Phan Thị Kim Phúc  (; born April 6, 1963), referred to informally as the girl in the picture and the  Napalm girl, is a South Vietnamese-born Canadian woman best known as the nine-year-old child depicted in the Pulitzer Prize–winning photograph, titled "The Terror of War", taken at Trảng Bàng during the Vietnam War on June 8, 1972.

The image, taken for the Associated Press by a 21-year-old Vietnamese-American photographer named Nick Ut, shows her at nine years of age running naked on a road after being severely burned on her back by a South Vietnamese napalm attack.

She later founded the Kim Foundation International to provide aid to child victims of war.

Vietnam War napalm attack
Phan Thi Kim Phúc and her family were residents of the village of Trảng Bàng in South Vietnam. On June 8, 1972, South Vietnamese planes dropped napalm on Trảng Bàng, which had been attacked and occupied by North Vietnamese forces. Kim Phúc joined a group of civilians and South Vietnamese soldiers who were fleeing from the Caodai Temple to the safety of South Vietnamese-held positions. The Republic of Vietnam Air Force pilot flying an A-1E Skyraider mistook the group for enemy soldiers and diverted to attack. The bombing killed two of Kim Phúc's cousins and two other villagers. Kim Phúc received third degree burns after her clothing was burned by the fire.

Images and rescue
Associated Press photographer Nick Ut took a photograph of Kim Phúc running naked amid other fleeing villagers, South Vietnamese soldiers, and other press photographers. This became one of the most haunting images of the Vietnam War. In an interview many years later, she recalled she was yelling, Nóng quá, nóng quá ("too hot, too hot") in the picture. The New York Times editors were at first hesitant to consider the photo for publication because of the nudity, but they eventually approved it. A cropped version of the photo—with the press photographers to the right removed—was featured on the front page of The New York Times the next day. It later earned a Pulitzer Prize and was chosen as the World Press Photo of the Year for 1973.

After snapping the photograph, Ut took Kim Phúc and the other injured children to Barsky Hospital in Saigon, where it was determined that her burns were so severe that she probably would not survive. After a 14-month hospital stay and 17 surgical procedures, including skin transplantations, she was able to return home. A number of the early operations were performed by Finnish plastic surgeon Aarne Rintala. It was only after treatment at a special hospital in Ludwigshafen, West Germany, in 1982, that Kim Phúc was able to properly move again.

Ut continued to visit Kim Phúc until he was evacuated during the fall of Saigon, and they now speak almost weekly via telephone.

Less publicized is the film, shot by British television cameraman Alan Downes for the British Independent Television News (ITN) and his Vietnamese counterpart Le Phuc Dinh who was working for the American television network NBC, which shows the events just before and after the photograph was taken (see image on right).
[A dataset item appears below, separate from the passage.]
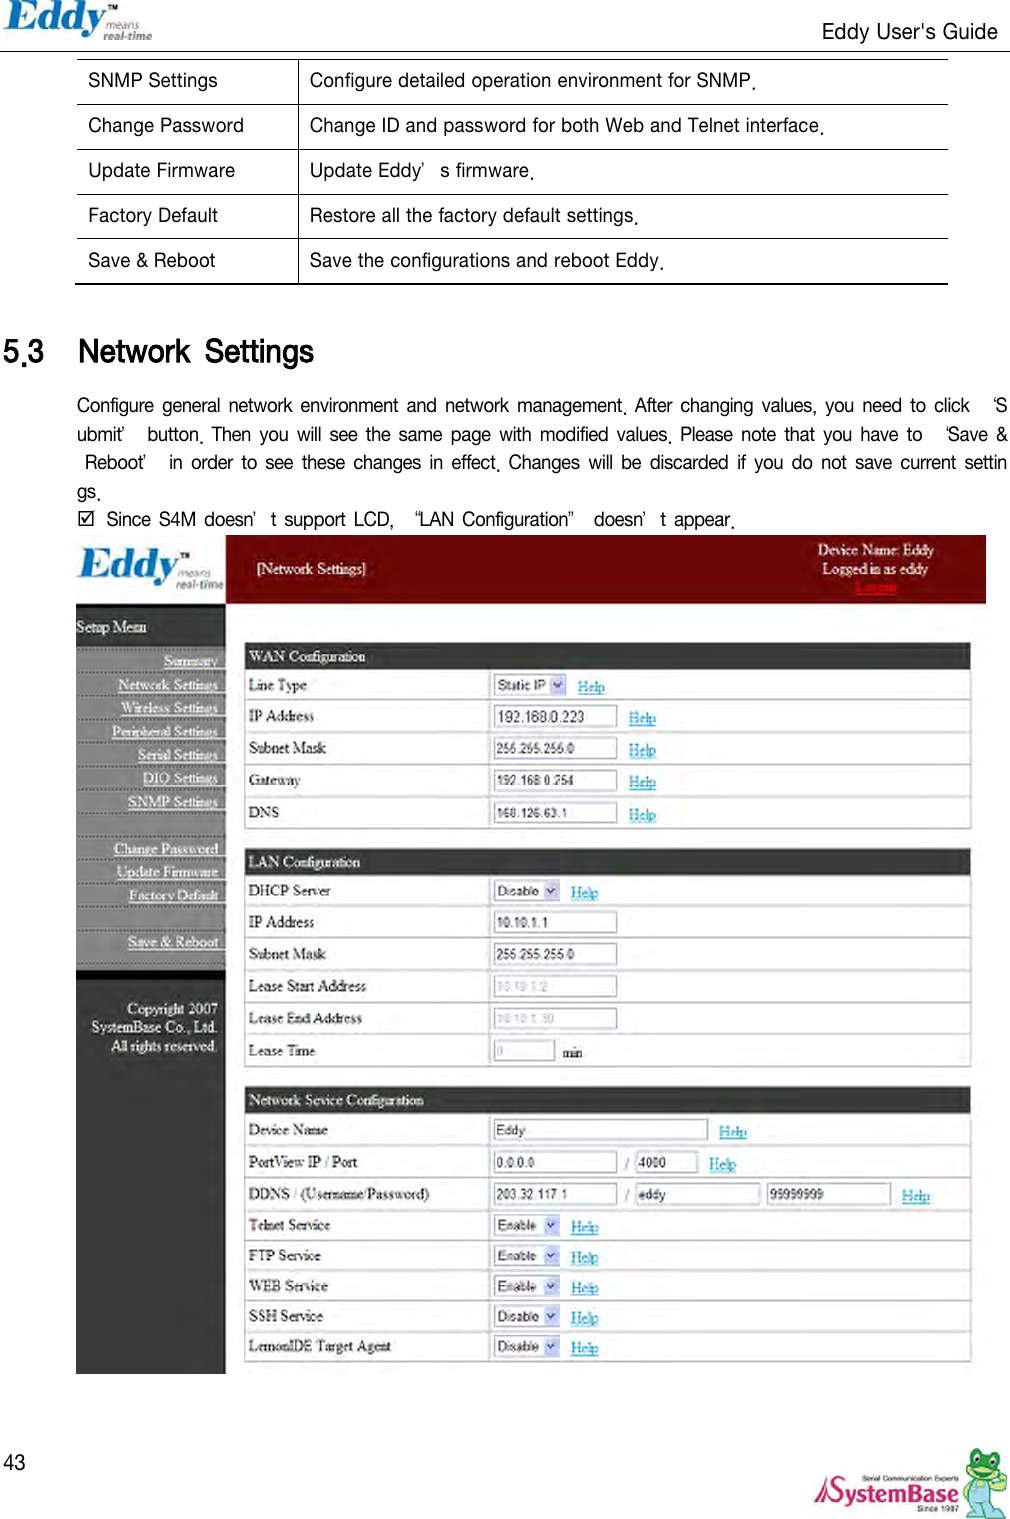                                                                   Eddy User&apos;s Guide   43 SNMP Settings Configure detailed operation environment for SNMP. Change Password Change ID and password for both Web and Telnet interface. Update Firmware Update Eddy’s firmware. Factory Default Restore all the factory default settings. Save &amp; Reboot Save the configurations and reboot Eddy.  5.3 Network  Settings Configure general network environment  and network  management. After changing  values,  you need to  click  ‘Submit’ button.  Then  you will  see the same  page with modified values. Please  note that  you have  to  ‘Save  &amp; Reboot’ in order  to  see  these changes in effect. Changes will be  discarded  if  you do  not save  current settings.  Since S4M doesn’t support LCD,  ‚LAN Configuration‛ doesn’t appear.    
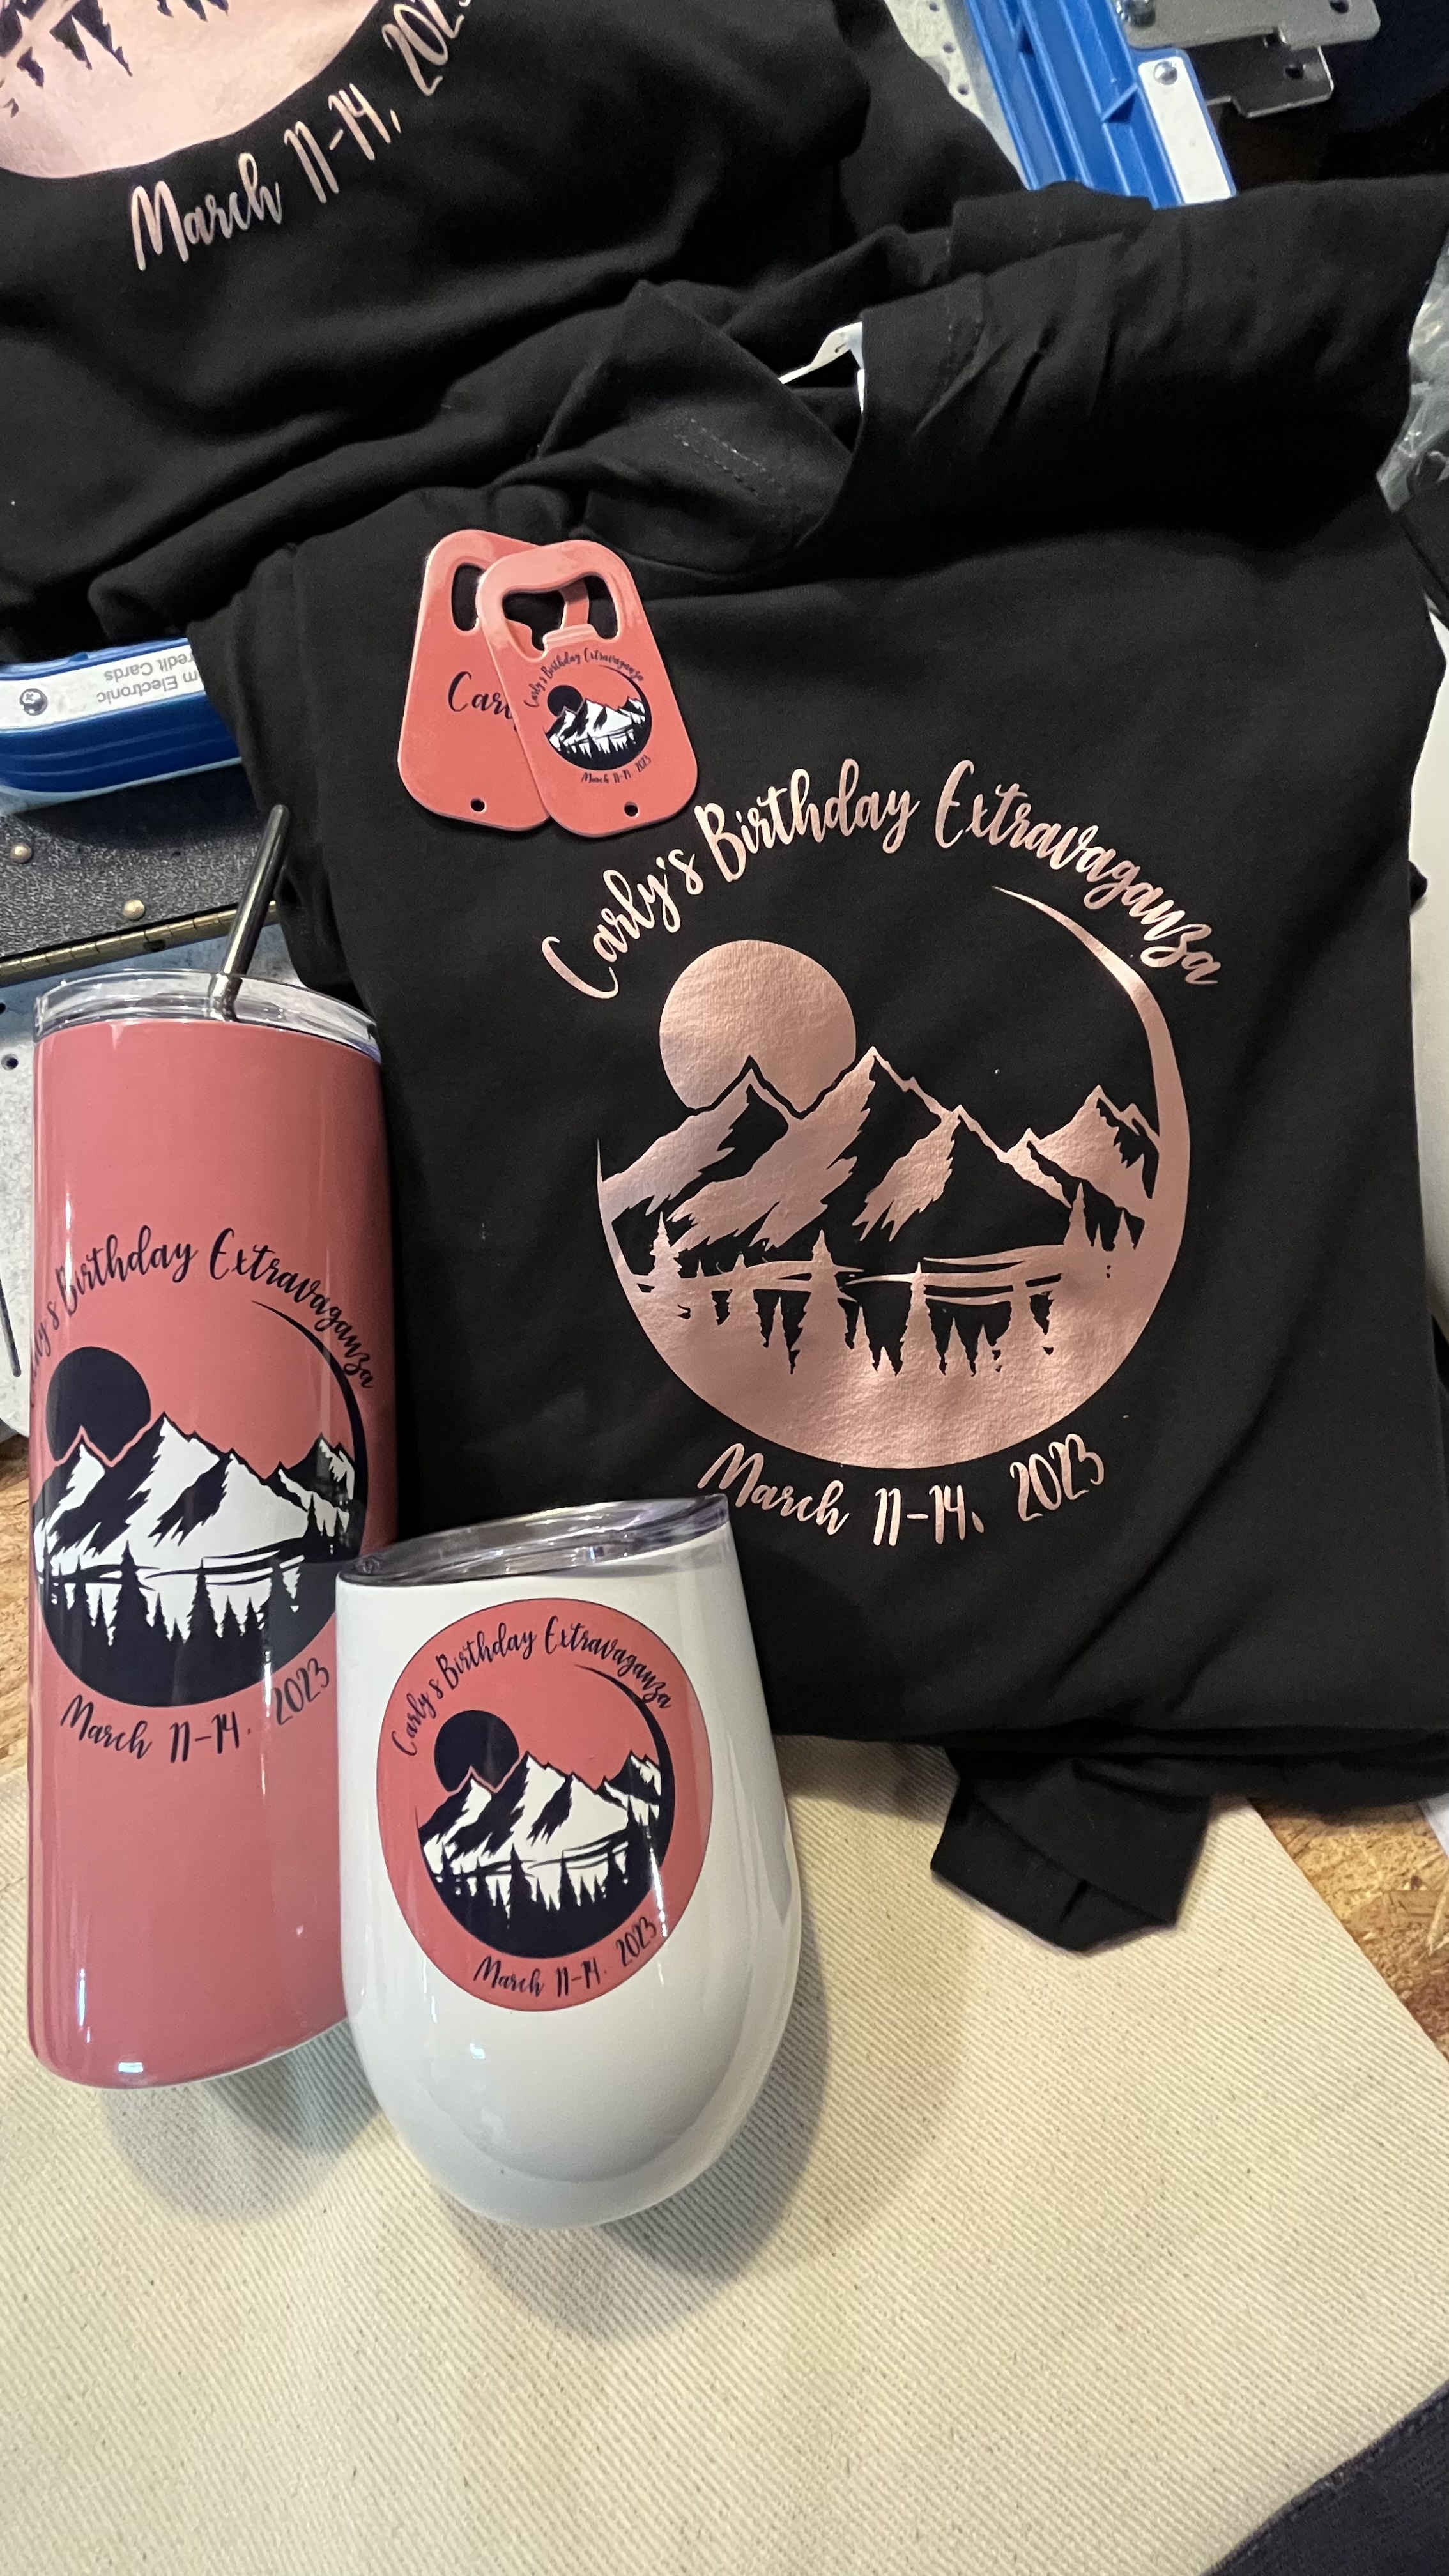 Custom package for a girls getaway to celebrate a 30TH birthday!  Also made shirts to match.  L

In the top-left frame, a man stands and appears to take photographs as a passing airplane drops bombs. A group of children, Kim Phúc among them, run away in fear. After a few seconds, she encounters the reporters dressed in military fatigues, including Christopher Wain who gave her water (top-right frame) and poured some over her burns. As she turns sideways, the severity of the burns on her arm and back can be seen (bottom-left frame). A crying woman, Kim Phúc's grandmother, Tao, runs in the opposite direction holding her badly burned grandchild, 3-year-old Danh, Kim Phúc's cousin, who died of his injuries (bottom-right frame). Sections of the film shot were included in Hearts and Minds (1974), the Academy Award-winning documentary about the Vietnam War directed by Peter Davis.

Controversy
Audio tapes of President Richard Nixon, in conversation with his chief of staff, H. R. Haldeman in 1972, reveal that Nixon mused, "I'm wondering if that was fixed", after seeing the photograph. After the release of this tape, Ut commented, "Even though it has become one of the most memorable images of the twentieth century, President Nixon once doubted the authenticity of my photograph when he saw it in the papers on 12 June 1972... The picture for me and unquestionably for many others could not have been more real. The photo was as authentic as the Vietnam War itself. The horror of the Vietnam War recorded by me did not have to be fixed. That terrified little girl is still alive today and has become an eloquent testimony to the authenticity of that photo. That moment thirty years ago will be one Kim Phúc and I will never forget. It has ultimately changed both our lives."

Adult life
Phúc was removed from her university as a young adult studying medicine and used as a propaganda symbol by the communist government of Vietnam. Due to constant pain, she considered suicide, but in 1982 she found a New Testament in a library that led her to become a Christian. Her faith enabled her to forgive. In 1986, she was granted permission to continue her studies in Cuba. Prime Minister of Vietnam Phạm Văn Đồng became her friend and patron. After arriving in Cuba, she met Bui Huy Toan, another Vietnamese student and her future fiancé. In 1992, Phúc and Toan married.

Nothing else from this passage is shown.